The present study was done to assess the role of sudden cardiac death (SCD) among the presenting manifestations of and fatalities from cardiac sarcoidosis (CS).We analysed altogether 351 cases of CS presenting from year 1998 through 2015 in Finland. There were 262 patients with a clinical diagnosis and treatment of CS, 27 patients with an initial lifetime diagnosis of giant cell myocarditis that was later converted to CS, and 62 cases detected at autopsy and identified by screening >820 000 death certificates from the national cause-of-death registry. The total case series comprised 253 females and 98 males aged on average 52 years at presentation.

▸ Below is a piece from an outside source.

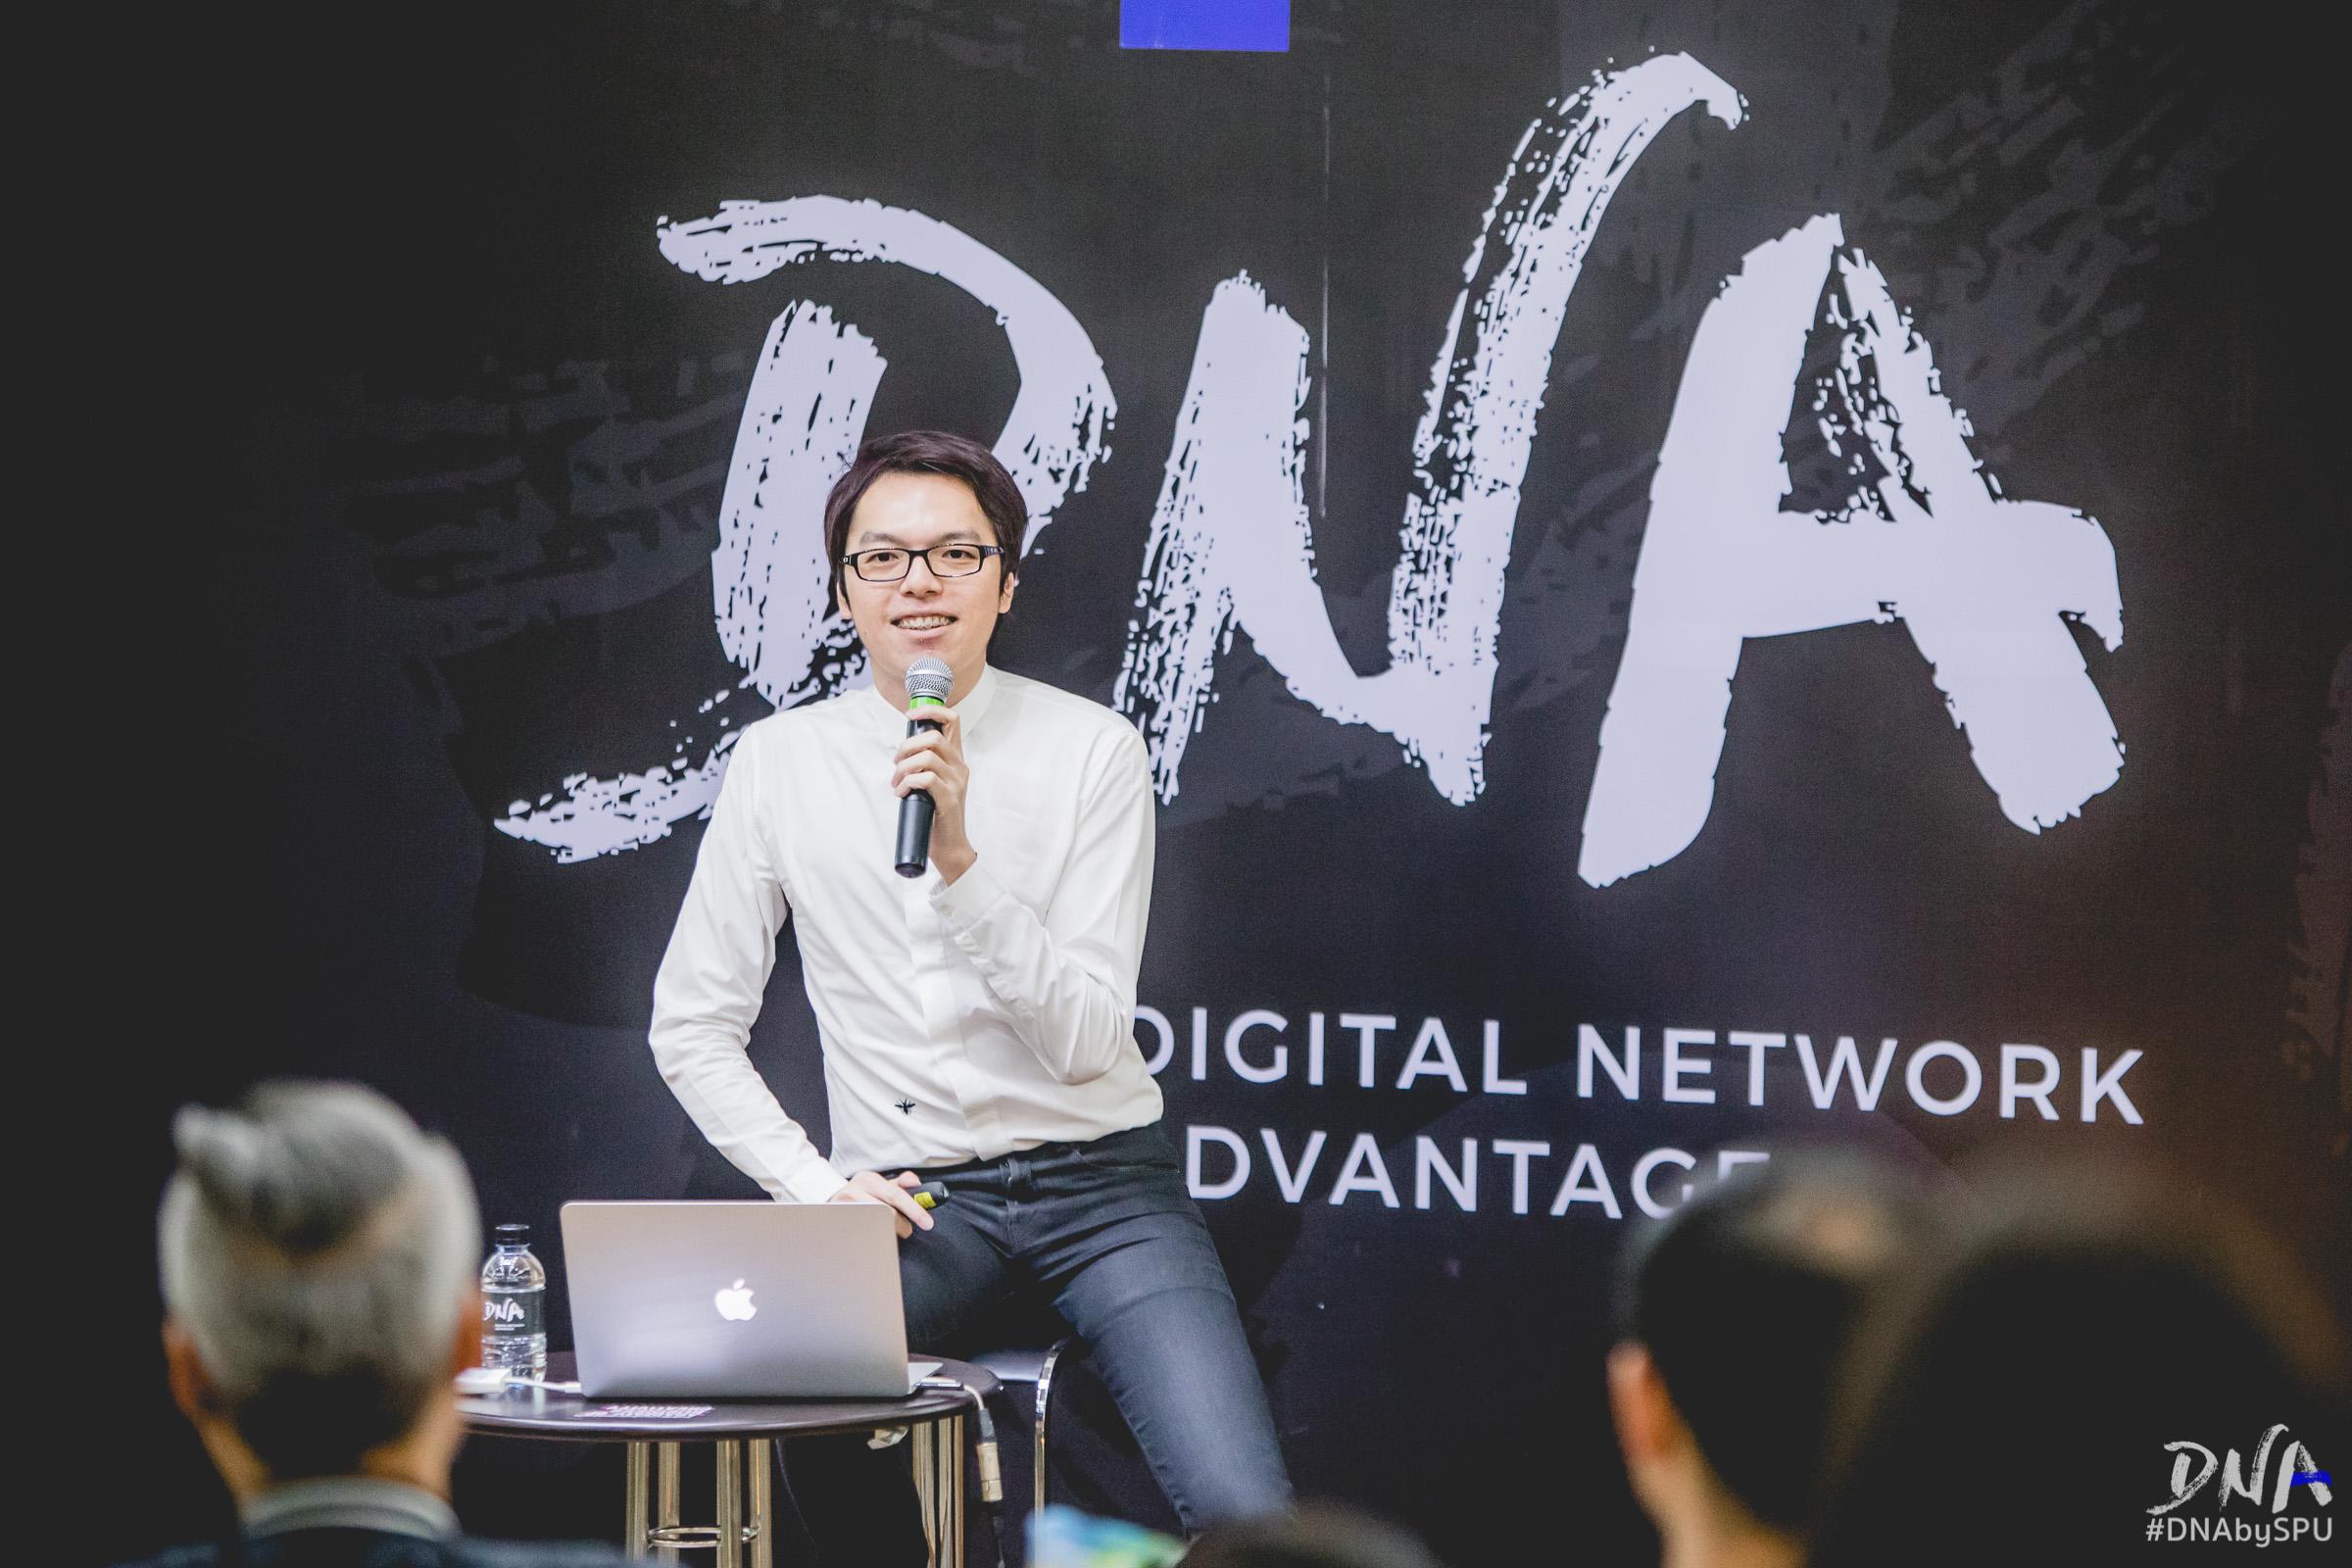 #DNAjournal EP.19 #DNAbySPU [Simplify complexity :: เปลี่ยนสิ่งยุ่งยาก… ให้เข้าใจง่าย] ดร.ยุทธนา ศรีสวัสดิ์ Co-founder and Tax Specialist, iTAX Thailand

High-grade atrioventricular block was the most common first sign of CS (n = 147, 42%) followed by heart failure (n = 58, 17%), unexpected fatal (n = 38) or aborted (n = 12) SCD (14%), and sustained ventricular tachycardia (n = 48, 14%). Severe coronary artery disease was found at autopsy concomitant with CS in four of the 38 cases presenting with fatal SCD. Of all deaths recorded till the end of 2015, 64% (n = 54/84) were unexpected SCDs from CS that had either been silent during life or defied all attempts at diagnosis. The Kaplan-Meier estimate (95% CI) of survival from symptom onset was 85% (80-90%) at 5 years and 76% (68-84%) at 10 years.Together fatal and aborted SCD constitute 14% of the presenting manifestations of CS. Nearly two-thirds of all fatalities from CS are caused by undiagnosed granulomas in the heart.